NFS-mounted machines.
Another use of Unionfs is to simplify the administration of diskless
machines. A set of machines can share a single read-only NFS root
file system. This enables administrators to maintain a common image
for all of the machines. This root file system is then unified with a
higher-priority read-write branch so that users can customize the
machine or save data. If persistence is not required, then a
tmpfs file system can be used as the highest priority branch.
If persistence is required, then a read-write NFS mount or a
local disk could be used for the user's files.
/bin client1(ro) client2(ro)
/store/client1 client1(rw)
/store/client2 client2(rw)
Figure 3: The contents of /etc/exports on the
server which contains the clients' binaries.

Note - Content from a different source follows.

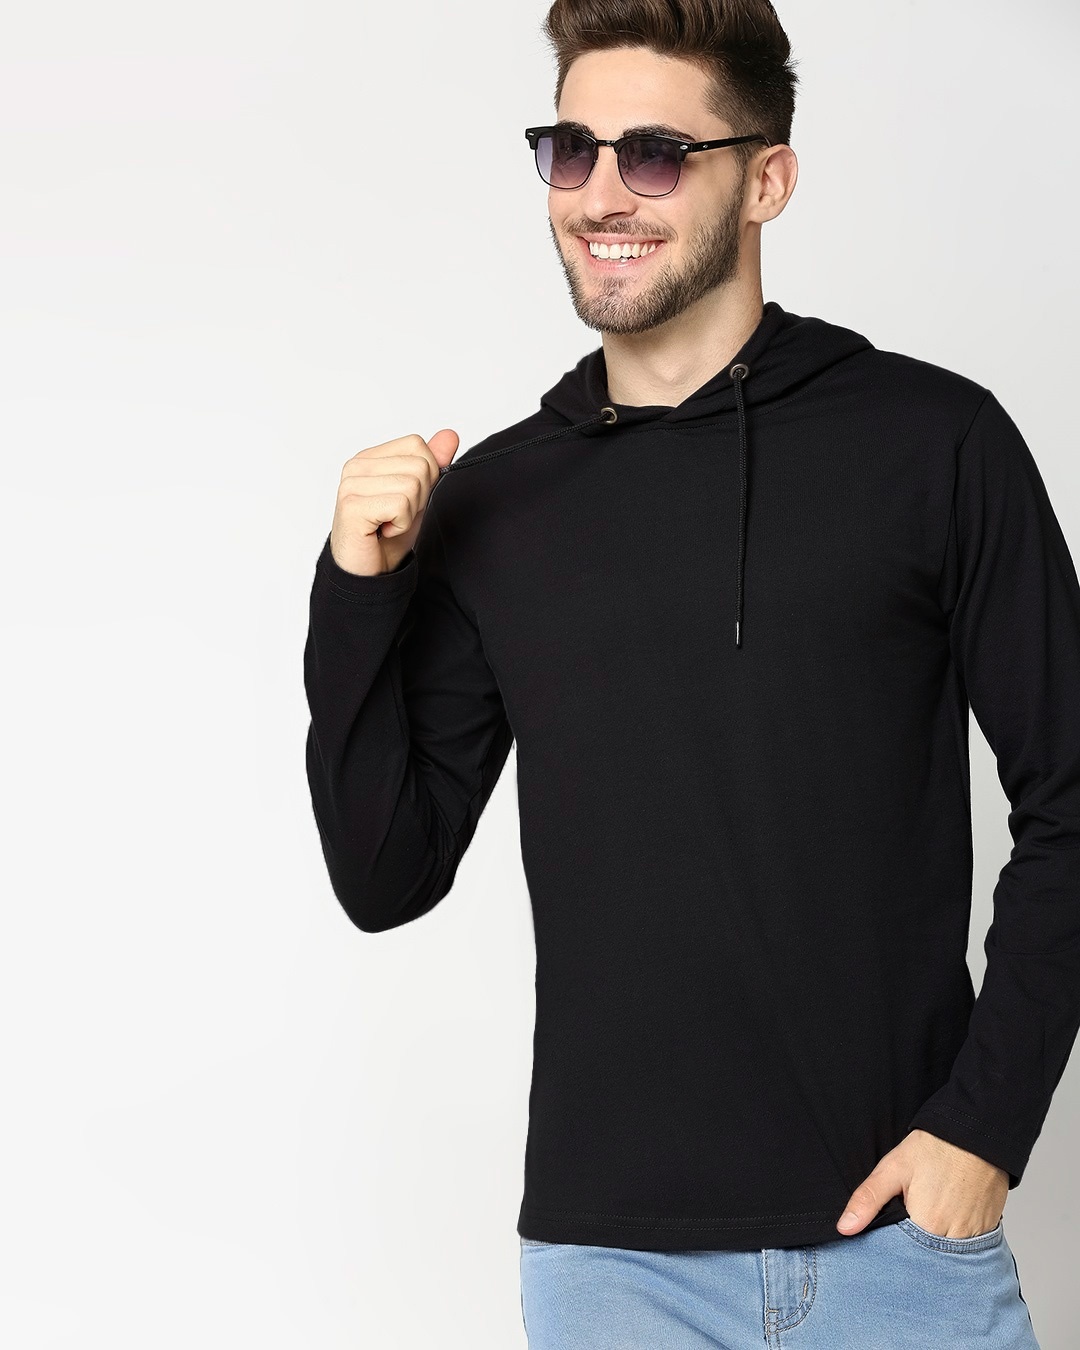 Buy Black Full Sleeve Hoodie T-Shirt Online at Bewakoof

mount -t nfs server:/bin /mnt/nfsbins
mount -t nfs server:/store/`hostname -s` /mnt/persist
mount -t unionfs none /bin -o dirs=/mnt/persist:/mnt/nfsbins=nfsro
Figure 4: Creating a union with two NFS-based shares for
binaries and persistent data.
Figure 3 shows a sample NFS /etc/exports
file for a diskless client configuration. To ensure that none of the
clients can tamper with the shared binaries on the server, we export
the /bin directory read-only. We then export the persistent
storage folder for each client individually. This ensures that one
client cannot tamper with the persistent folder of another.

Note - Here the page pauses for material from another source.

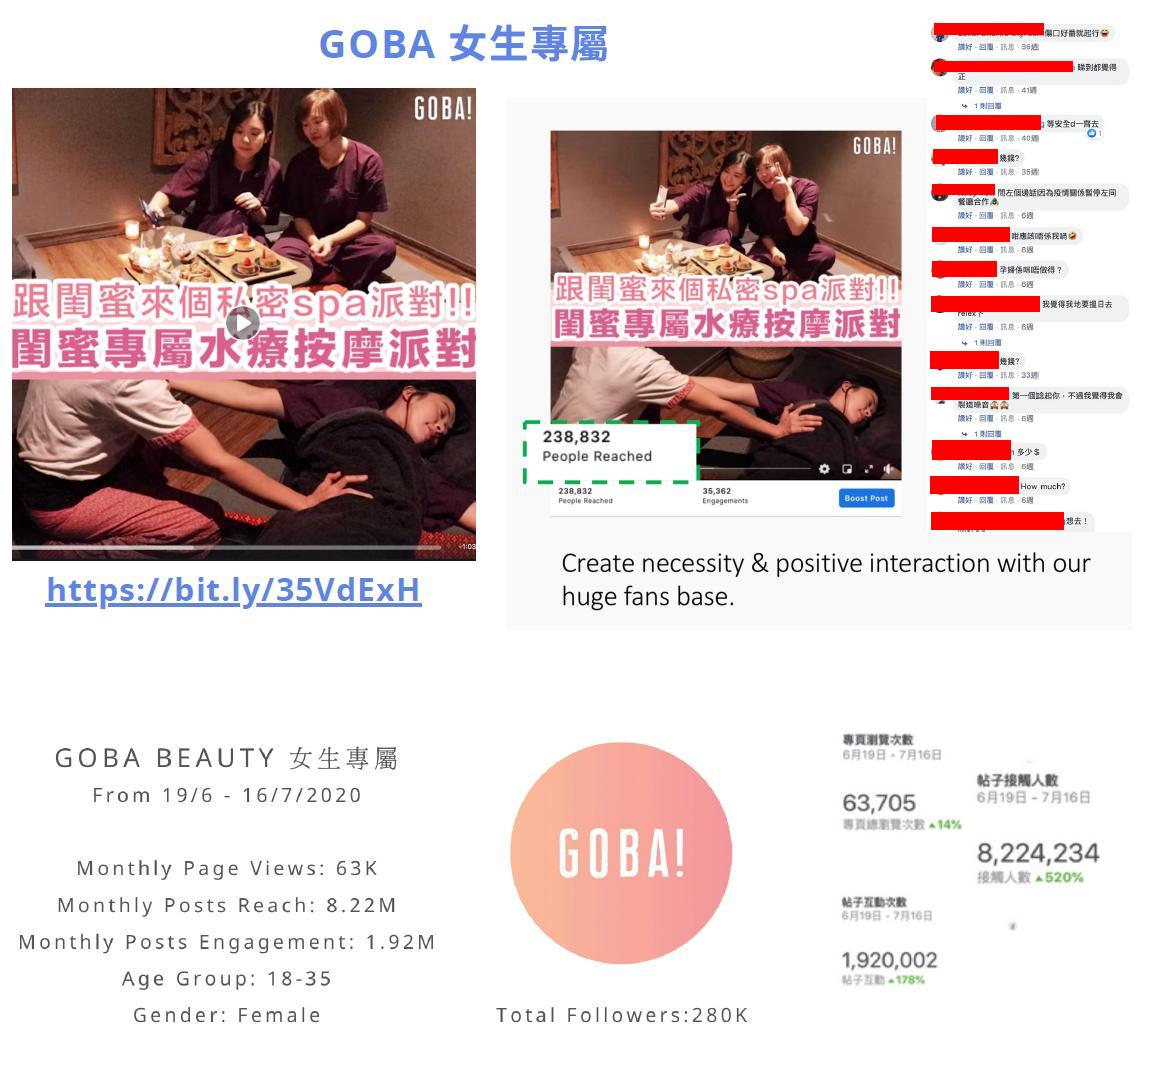 参考成功 Facebook 专页例子: GOBA女生专属 (28万粉丝) @ 脑爸打网页设计专家

Figure 4 shows the commands used to create a
union from a shared binary directory and to provide a persistent
backing store for that directory on a second NFS mount. The first
command mounts /bin for our client. The next command mounts
the persistent data store for our client based on its hostname.

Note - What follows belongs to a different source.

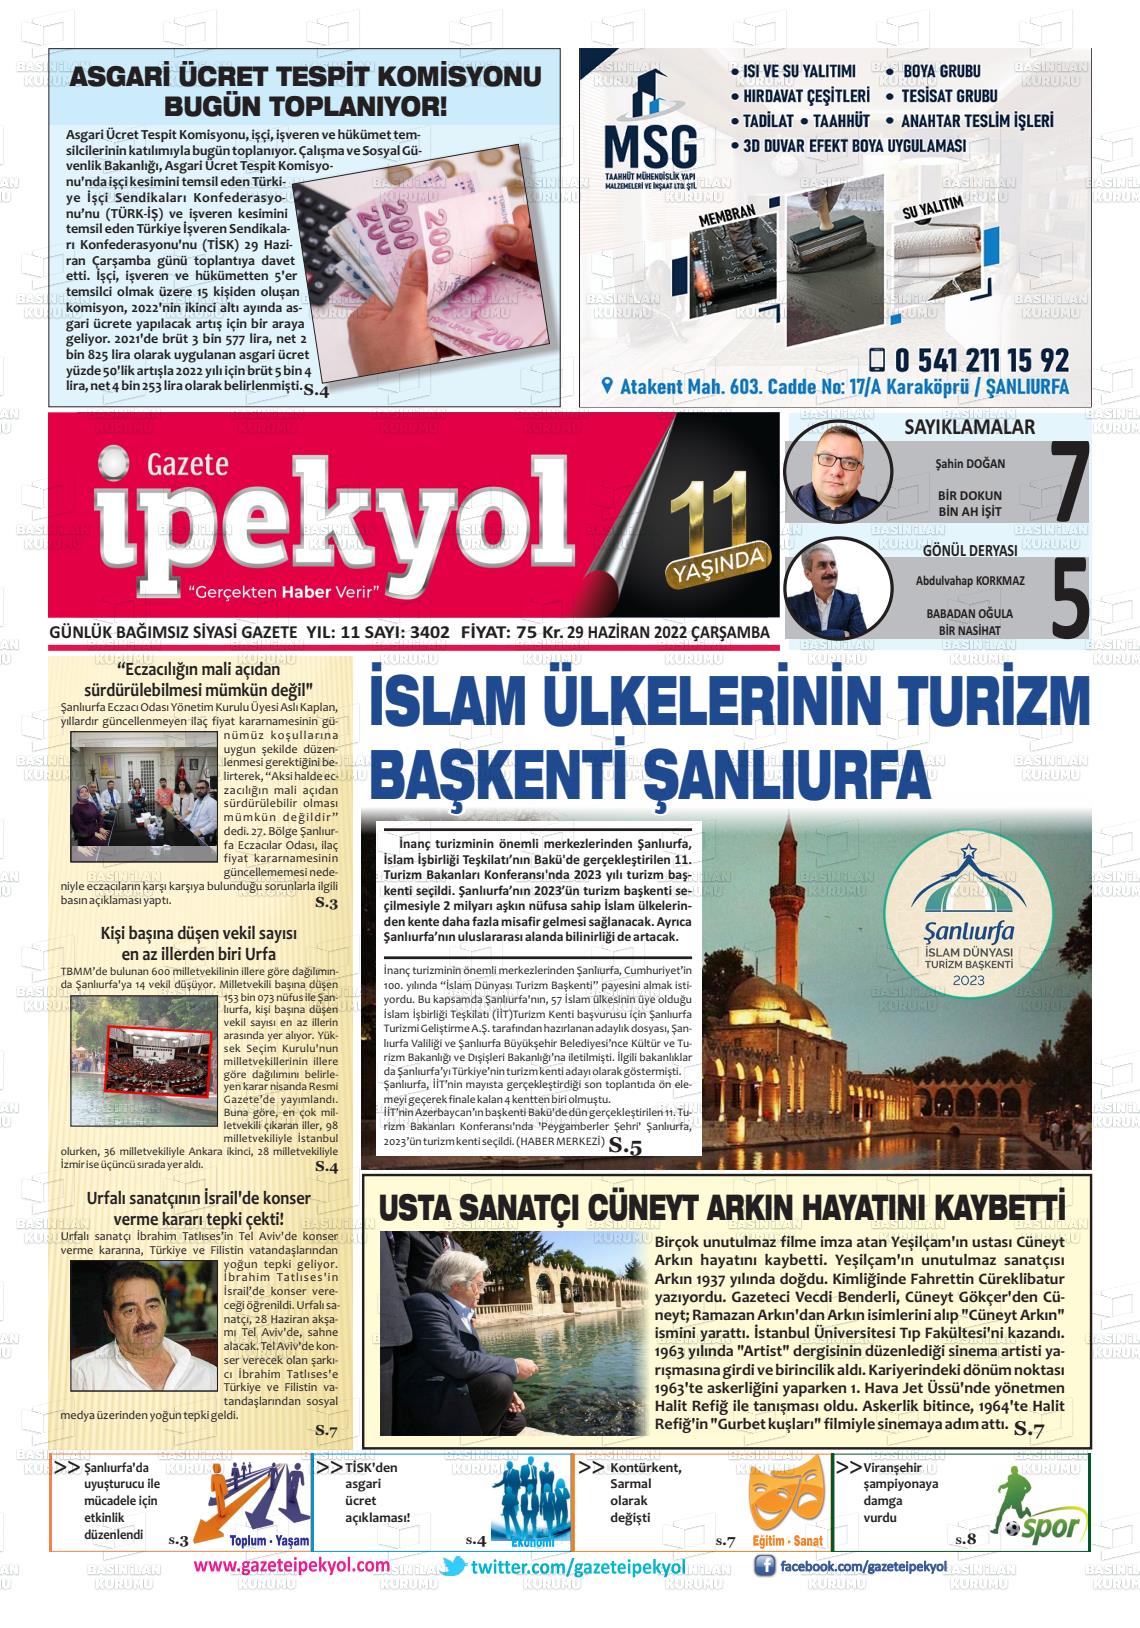 29 Haziran 2022 Gazete İpekyol Gazete Manşeti

Finally, we create a union containing the exported /bin and
/store/`hostname -s` directories and mount it at
/bin on our local client. To have a full system that is
exported via NFS, one simply exports / instead of just
/bin. This permits a full system to be exported to the
diskless clients. However, such a set requires the additional steps
present in LiveCDs which allows you to use /proc and
/dev.
Snapshotting.
The previous usage scenarios all assumed that one or more components
of the union were read-only by necessity (either enforced by hardware
limitations or the NFS server). Unionfs can also provide
copy-on-write semantics by logically marking a physically read-write
branch as read-only. This enables Unionfs to be used for file system
snapshots.
To create a snapshot, the unionctl tool is used to invoke
branch management ioctls that dynamically modify the union
without unmounting and remounting Unionfs. First, unionctl
is used to add a new high-priority branch. For example, the following
command adds /snaps/1 as the highest priority branch to a
union mounted on /union:
unionctl /union --add /snaps/1
Next, unionctl is called for each existing branch to mark
them as read-only. The following command will mark the branch
/snaps/0 read-only:
unionctl /union --mode /snaps/0 ro
Any changes made to the file system take place only in the read-write
branch. Because the read-write branch has a higher priority than all
the other branches, users see the updated
contents.
3 Challenges
While developing Unionfs we encountered several issues that we feel
developers should address before they decide whether or not to aim for
kernel inclusion. Backward compatibility, changes in kernel
interfaces, and experimental code are three such issues. In section
3.1, we consider the advantages and disadvantages of maintaining a
module outside of the mainline kernel. In section 3.2, we discuss the
implications of developing a module that is aiming for inclusion in
the mainline Linux kernel.
3.1 Developing an out of kernel module
When first releasing Unionfs, we wanted to ensure that as many people
as possible could use it. To accommodate this, we attempted to
provide backward compatibility with past kernel versions. Initially,
when Unionfs supported Linux 2.4 it was easy to keep up with changing
kernels, since most of the changes between kernel versions were bug
fixes.
In December of 2004, Unionfs was ported to Linux 2.6 which
introduced additional complications. VFS changes between 2.4 and 2.6
(e.g., file pointer update semantics and locking mechanisms) required
#ifdefed sections of code to provide backward compatibility
with Linux 2.4. In addition, since we were supporting Linux 2.6, we
had to be conscious of the fact that the 2.6 kernel interfaces could
change between versions.
The benefit of supporting multiple kernel versions was that we could
enable the use of Unionfs on many different platforms. Although
LiveCD creators mostly preferred Linux 2.6 kernels, we found that some
of them were still working with 2.4. In addition, several people were
using Unionfs for embedded devices, which at the time tended to use
2.4 kernels. However, providing backward compatibility came with a
few disadvantages and raised the question of how far back we would go.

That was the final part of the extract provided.